Maurizio is of Italian descent – one side of the family hails from the south of the peninsula, the other from Sicily – and so he grew up with thin-crust, wood-fired pizza. It’s really all he knew. When he opened Maurizio’s Pizzeria in 2013, he was excited by the prospect of sharing his love for this Italian staple. 

“The beginning was a bit of a challenge because we had to do a lot of education for folks here. People only know what they know. Most simply weren’t familiar anything other than box store pizza,” he explains. “We had to think outside the box to get people to try thin-crust. They quickly came around because if you use high-end ingredients like we do, each bite is like an explosion of flavour.”

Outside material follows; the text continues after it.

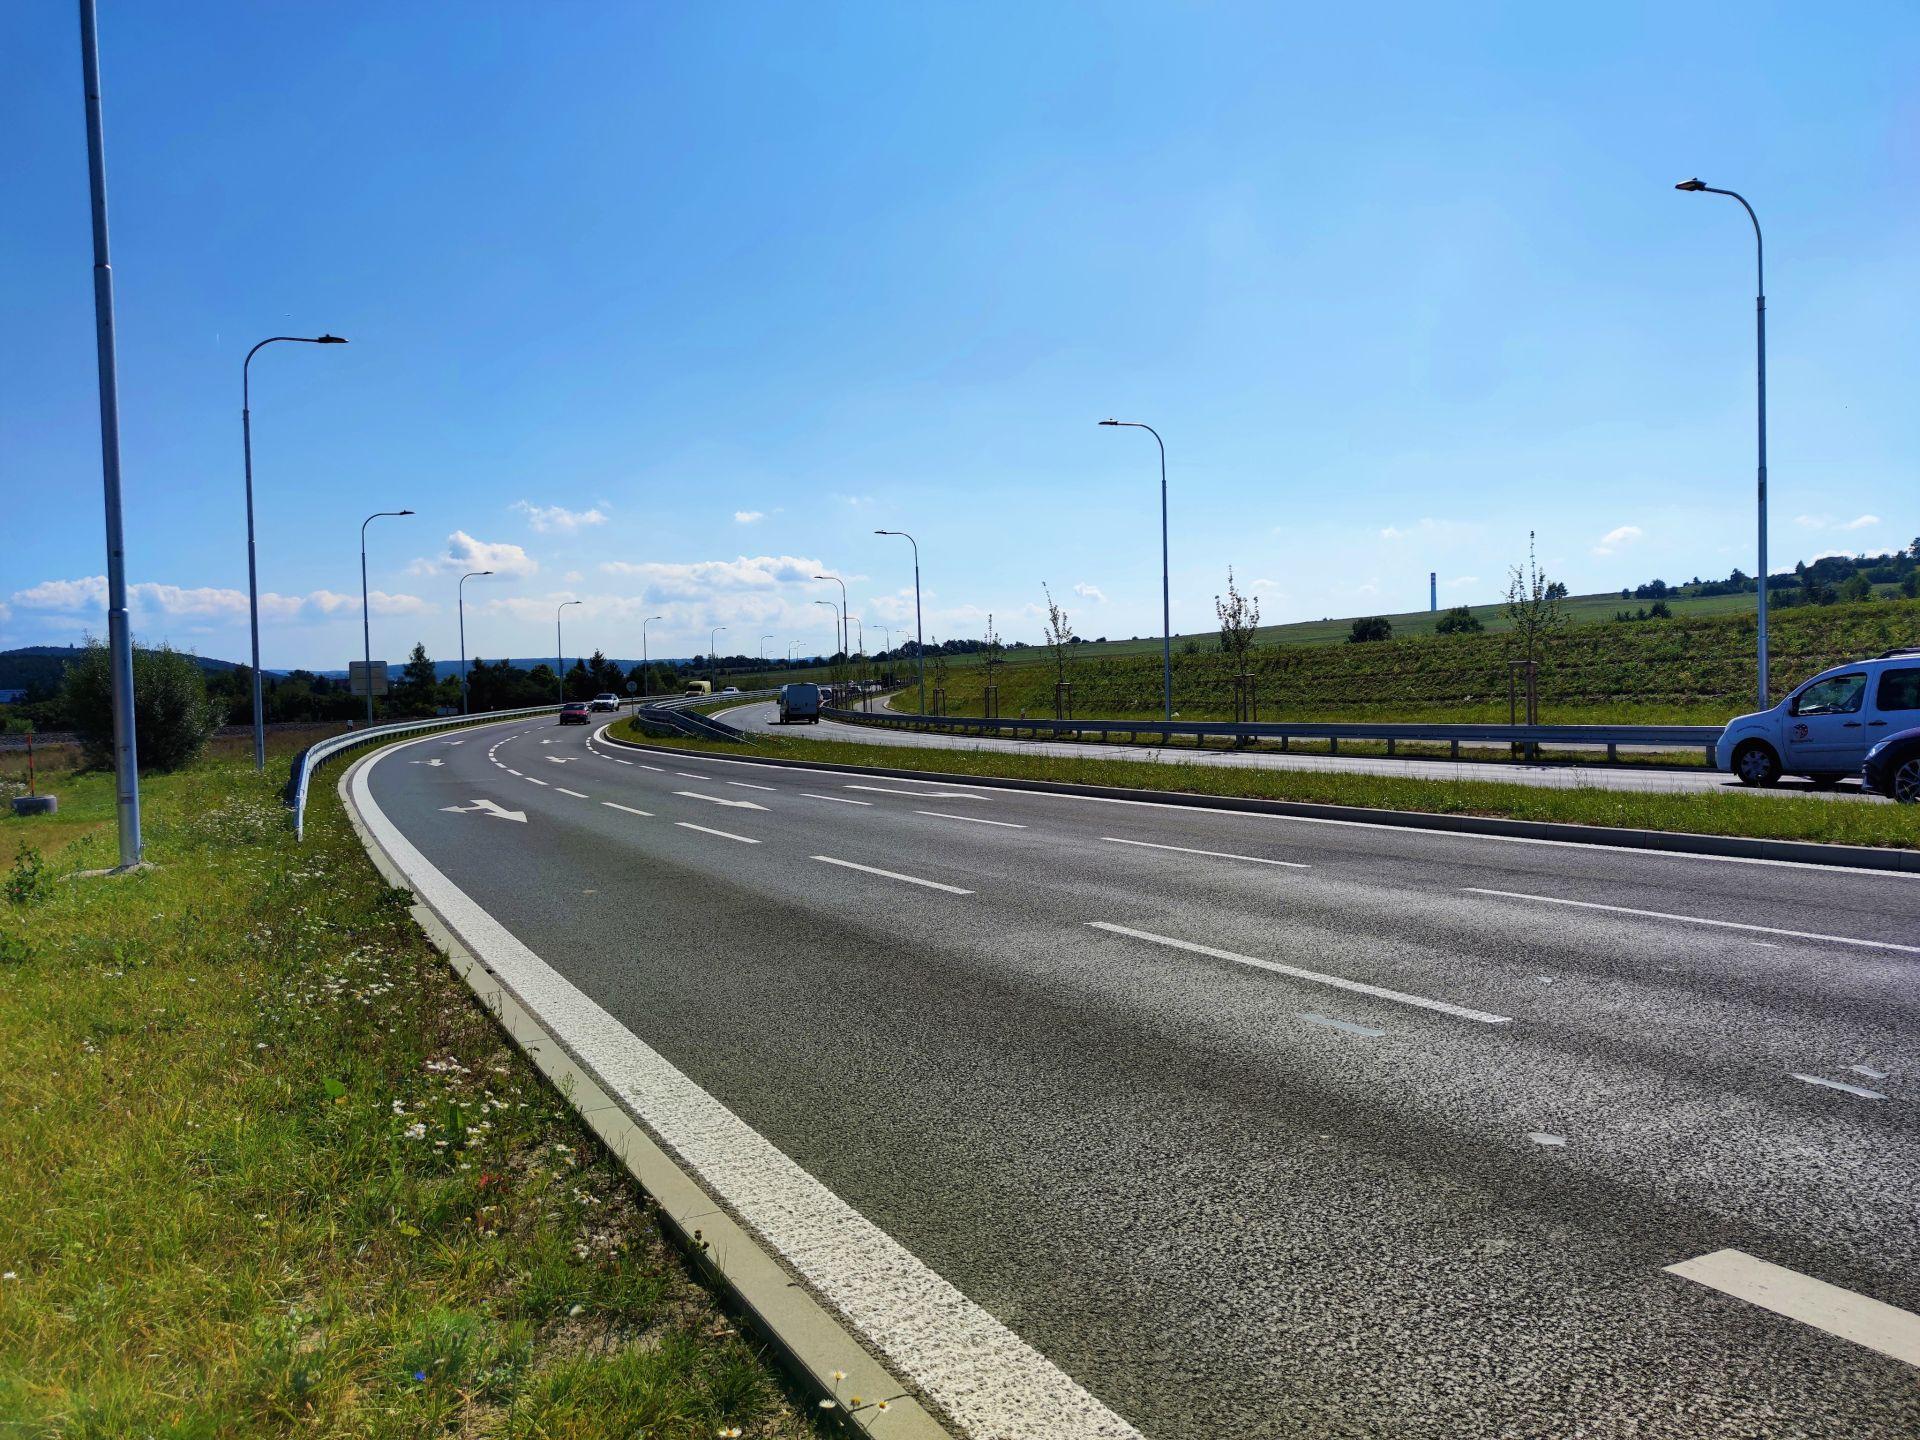 Nový úsek silnice I/20 v Plzni. Pramen: MDČR

The high-end ingredients Maurizio speaks of include best-quality cold-cut meats direct from an Italian butchery, fresh cheese, sauce and flour sourced from Italy. Vegetable toppings come from local farms as much as possible, but farming in cottage country is somewhat limited. Maurizio – like all regional restauranteurs – has discovered local vendors might not always have the items, or the quantity, required. 

Another challenge unique to restauranting in cottage country is the inherent seasonality. It’s feast or famine. “In the summer, with cottagers and vacationers, I work 90-hour weeks. Seventy-five per cent of my customers are seasonal,” he says. “My staff and I unwind and take vacations after Thanksgiving when cottages are closed down and the summer masses are gone.” 

“It’s a different pace of life up here, and it impacts business,” Mascioli says, “but I love it.” | CP


Andrew Hind is a freelance writer from Bradford, Ont., specializing in food, history and travel. He is the author of 25 books and the proud father of one.